Among the lines below, copy each one in which "bianco" appears.

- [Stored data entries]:
______________________________
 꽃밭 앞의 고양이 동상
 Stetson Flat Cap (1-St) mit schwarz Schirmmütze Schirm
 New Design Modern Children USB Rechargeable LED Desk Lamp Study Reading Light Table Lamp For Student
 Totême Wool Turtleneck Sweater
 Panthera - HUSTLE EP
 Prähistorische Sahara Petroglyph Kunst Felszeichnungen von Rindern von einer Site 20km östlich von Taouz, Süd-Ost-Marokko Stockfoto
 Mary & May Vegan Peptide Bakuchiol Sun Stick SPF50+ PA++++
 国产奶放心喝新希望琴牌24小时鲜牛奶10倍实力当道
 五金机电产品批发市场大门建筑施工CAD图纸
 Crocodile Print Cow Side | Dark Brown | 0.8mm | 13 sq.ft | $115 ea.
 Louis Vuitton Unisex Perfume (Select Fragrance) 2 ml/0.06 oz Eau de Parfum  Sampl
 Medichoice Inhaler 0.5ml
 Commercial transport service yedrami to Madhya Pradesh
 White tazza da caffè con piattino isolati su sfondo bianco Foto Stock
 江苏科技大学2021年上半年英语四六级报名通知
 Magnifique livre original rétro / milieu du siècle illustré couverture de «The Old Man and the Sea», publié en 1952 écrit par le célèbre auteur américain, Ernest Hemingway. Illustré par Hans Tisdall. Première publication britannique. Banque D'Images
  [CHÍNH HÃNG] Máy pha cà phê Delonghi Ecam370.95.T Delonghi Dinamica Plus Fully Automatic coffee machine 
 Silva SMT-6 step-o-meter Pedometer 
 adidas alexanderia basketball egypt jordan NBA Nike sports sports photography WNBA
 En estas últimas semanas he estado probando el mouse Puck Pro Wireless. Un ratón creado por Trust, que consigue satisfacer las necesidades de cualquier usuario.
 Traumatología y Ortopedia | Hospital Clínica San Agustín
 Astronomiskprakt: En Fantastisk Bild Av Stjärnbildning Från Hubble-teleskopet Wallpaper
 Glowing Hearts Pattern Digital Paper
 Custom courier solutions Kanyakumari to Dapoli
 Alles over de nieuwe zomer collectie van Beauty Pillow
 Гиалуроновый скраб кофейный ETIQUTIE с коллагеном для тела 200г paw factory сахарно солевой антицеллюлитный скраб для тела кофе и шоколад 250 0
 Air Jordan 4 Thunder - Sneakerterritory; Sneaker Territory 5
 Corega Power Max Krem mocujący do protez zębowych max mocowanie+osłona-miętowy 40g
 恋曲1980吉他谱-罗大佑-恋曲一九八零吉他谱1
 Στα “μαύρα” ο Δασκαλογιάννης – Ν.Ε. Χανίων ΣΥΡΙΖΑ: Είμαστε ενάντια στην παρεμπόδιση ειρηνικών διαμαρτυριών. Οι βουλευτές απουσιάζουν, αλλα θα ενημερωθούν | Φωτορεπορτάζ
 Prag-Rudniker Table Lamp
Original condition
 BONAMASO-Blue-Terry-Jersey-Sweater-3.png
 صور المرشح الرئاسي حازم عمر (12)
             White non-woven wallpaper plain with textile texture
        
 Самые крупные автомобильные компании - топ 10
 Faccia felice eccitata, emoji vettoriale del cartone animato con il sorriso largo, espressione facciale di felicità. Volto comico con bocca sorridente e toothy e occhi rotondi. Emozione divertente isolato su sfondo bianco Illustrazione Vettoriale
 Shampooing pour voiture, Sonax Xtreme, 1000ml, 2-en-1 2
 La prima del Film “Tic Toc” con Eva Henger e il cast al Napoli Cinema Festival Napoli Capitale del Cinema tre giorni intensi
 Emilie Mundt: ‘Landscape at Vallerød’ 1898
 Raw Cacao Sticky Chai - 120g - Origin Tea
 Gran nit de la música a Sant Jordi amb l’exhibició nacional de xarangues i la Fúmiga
______________________________
- [EXERCISE ANSWER]:
 White tazza da caffè con piattino isolati su sfondo bianco Foto Stock
 Faccia felice eccitata, emoji vettoriale del cartone animato con il sorriso largo, espressione facciale di felicità. Volto comico con bocca sorridente e toothy e occhi rotondi. Emozione divertente isolato su sfondo bianco Illustrazione Vettoriale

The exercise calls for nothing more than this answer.